A growing number of evangelicals, however, are increasingly wary of Christian political involvement—especially when that involvement appears confrontational. The emerging instinct is to prioritise submission, peaceability, and prudence. Of course, these are biblical virtues. Yet they are not the only biblical virtues, and they do not operate in a vacuum. The oft-quoted texts—Romans 13, 1 Peter 2, and 1 Timothy 2—are regularly marshalled to present a threefold ethic: pray for rulers, obey the state, and seek quiet godliness. These imperatives are indeed in Scripture. But the way they are often wielded today reduces their scope and abstracts them from the fuller biblical witness. When treated as stand-alone prooftexts, they foster an anaemic view of the Christian’s public responsibilities. They can produce a political quietism dressed up in biblical language, masking an underlying accommodation to the spirit of the age.
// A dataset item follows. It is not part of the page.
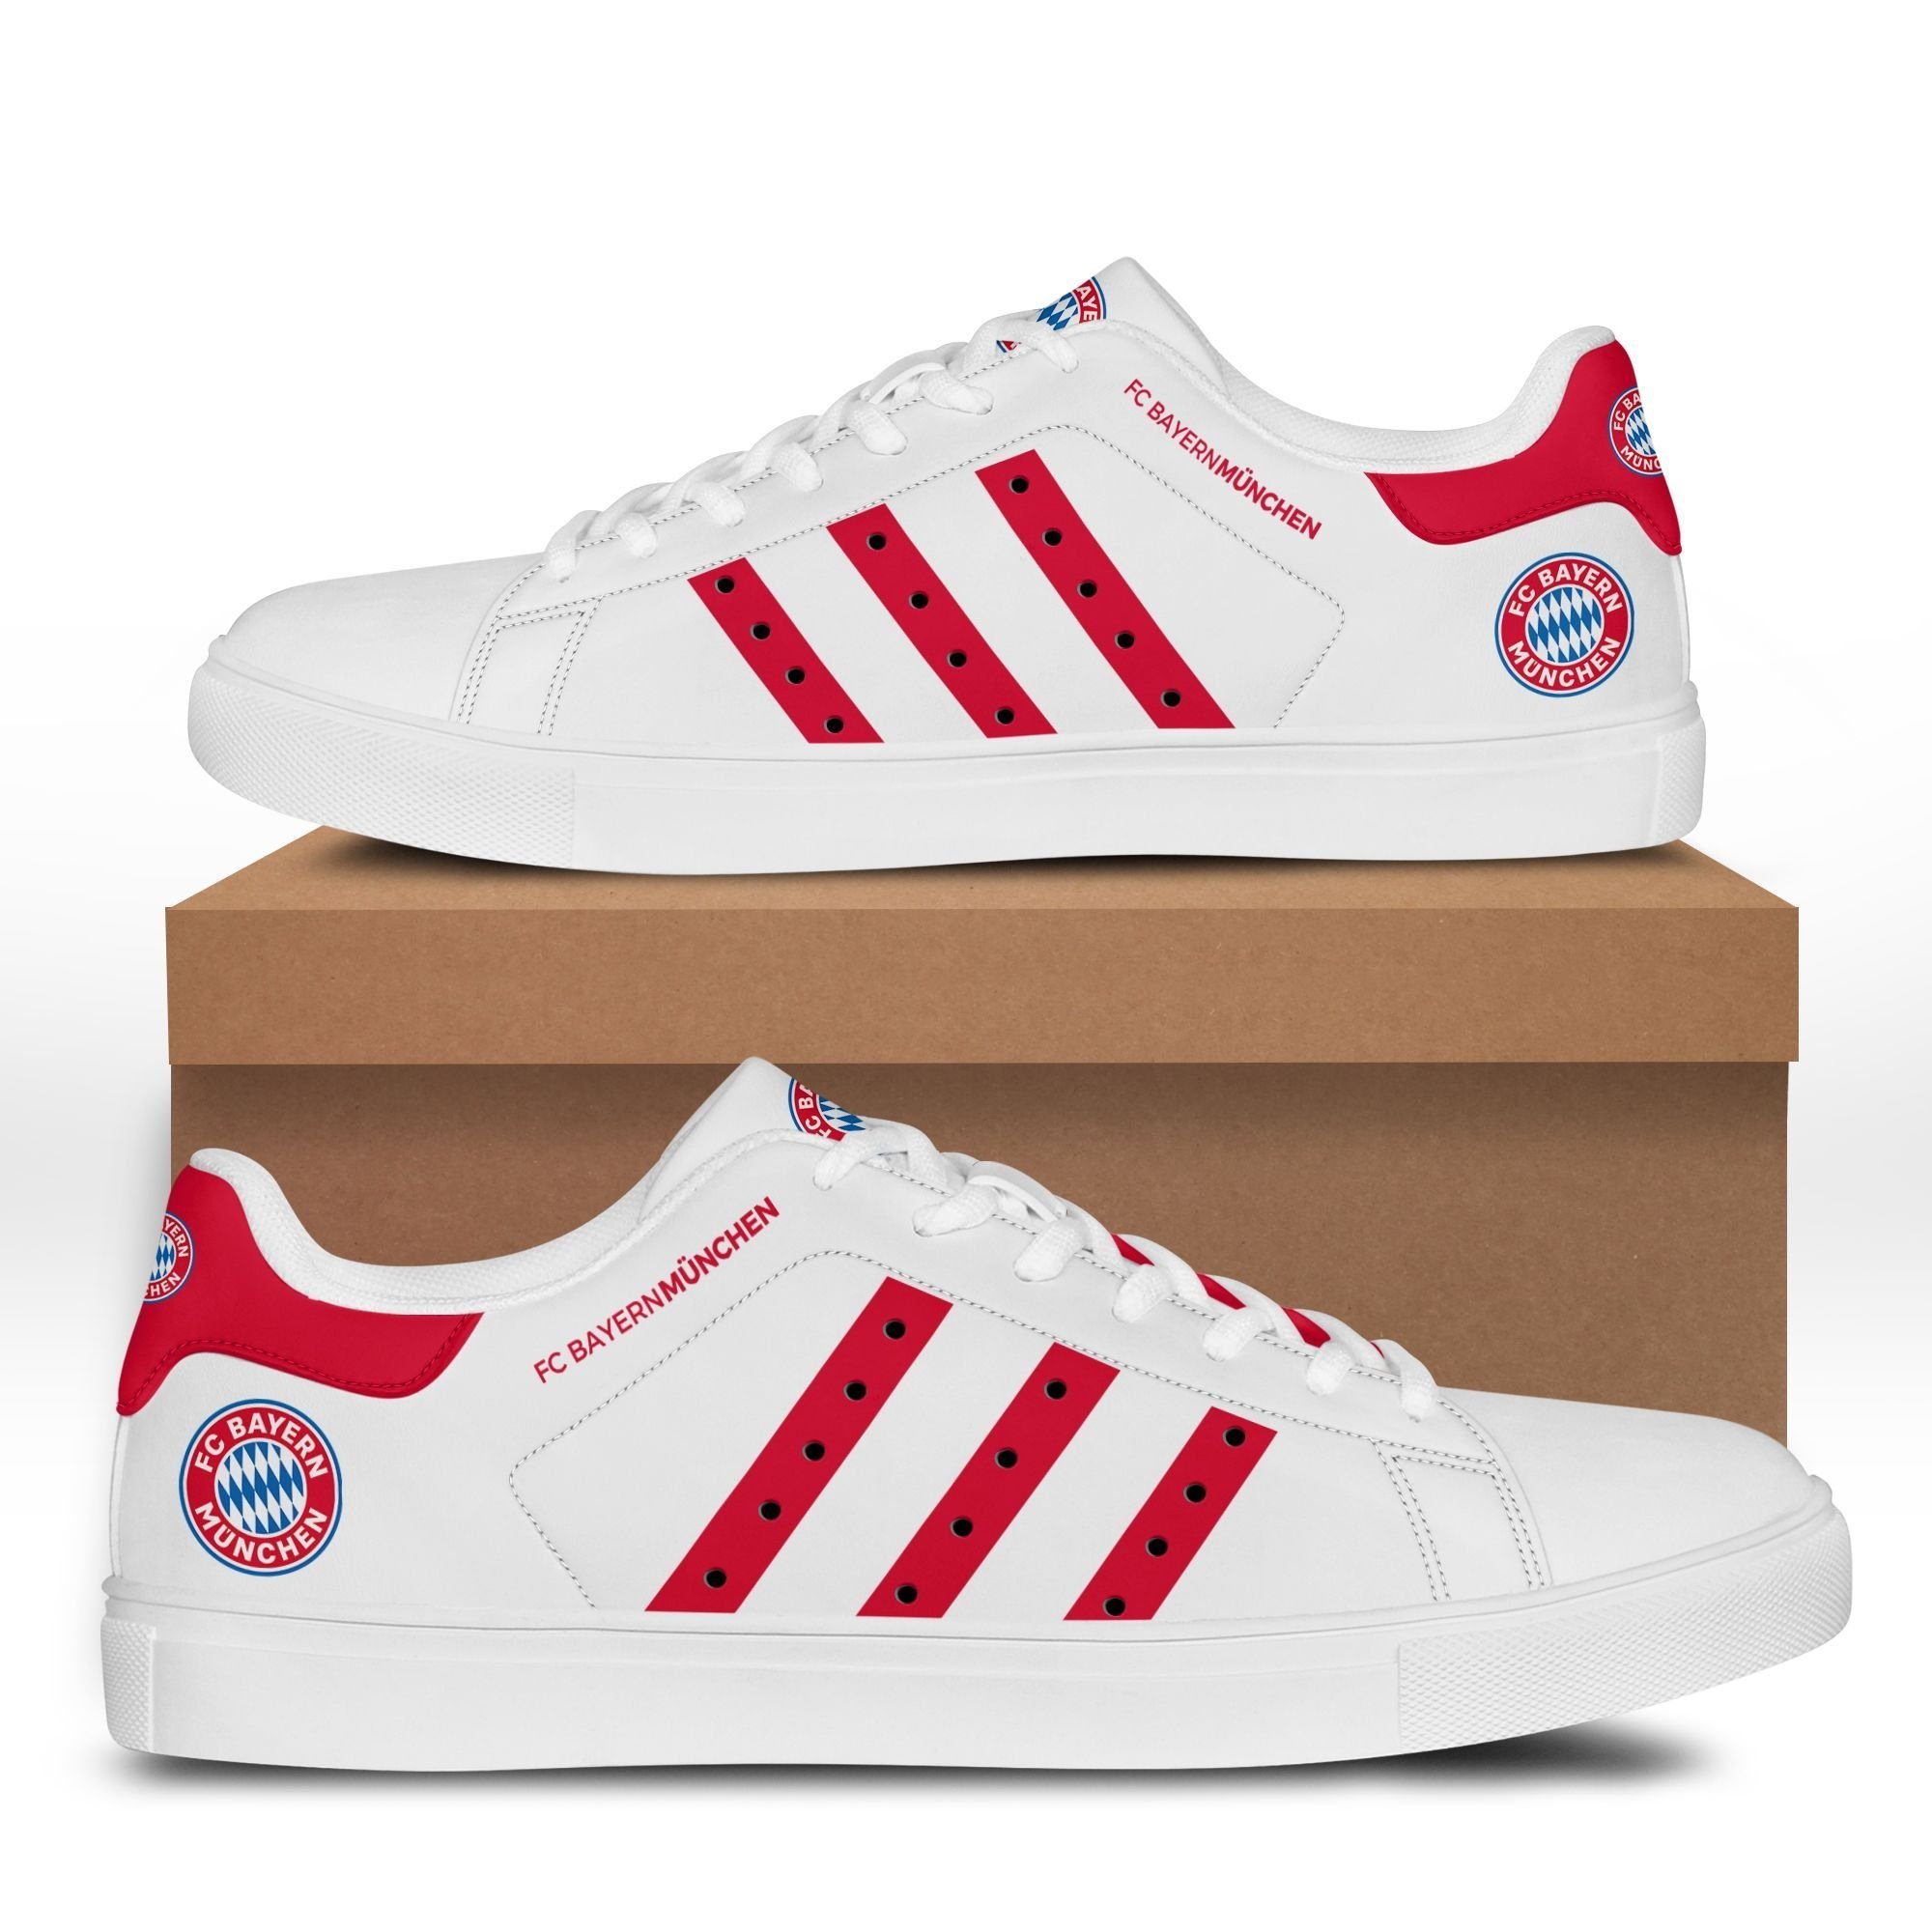 Bayern Munchen stan smith shoes - Picture 1

To be fair, some reactions against politicised Christianity are understandable. There are real dangers in collapsing church and state, confusing the gospel with policy, or treating temporal battles as ultimate. Christians have, at times, sounded more like partisan warriors than ambassadors of Christ. We must not sanctify our personal ideologies by baptising them in prooftexts. The civil realm is not the kingdom of God, and Christians must beware of triumphalist visions that treat cultural wins as signs of spiritual faithfulness. Nevertheless, these qualifications should not lead to the opposite error: where Christian witness in the public square becomes so measured, so restrained, and so de-politicised, that it no longer bears any prophetic weight. A Christianity that never offends Caesar is unlikely to be following Christ.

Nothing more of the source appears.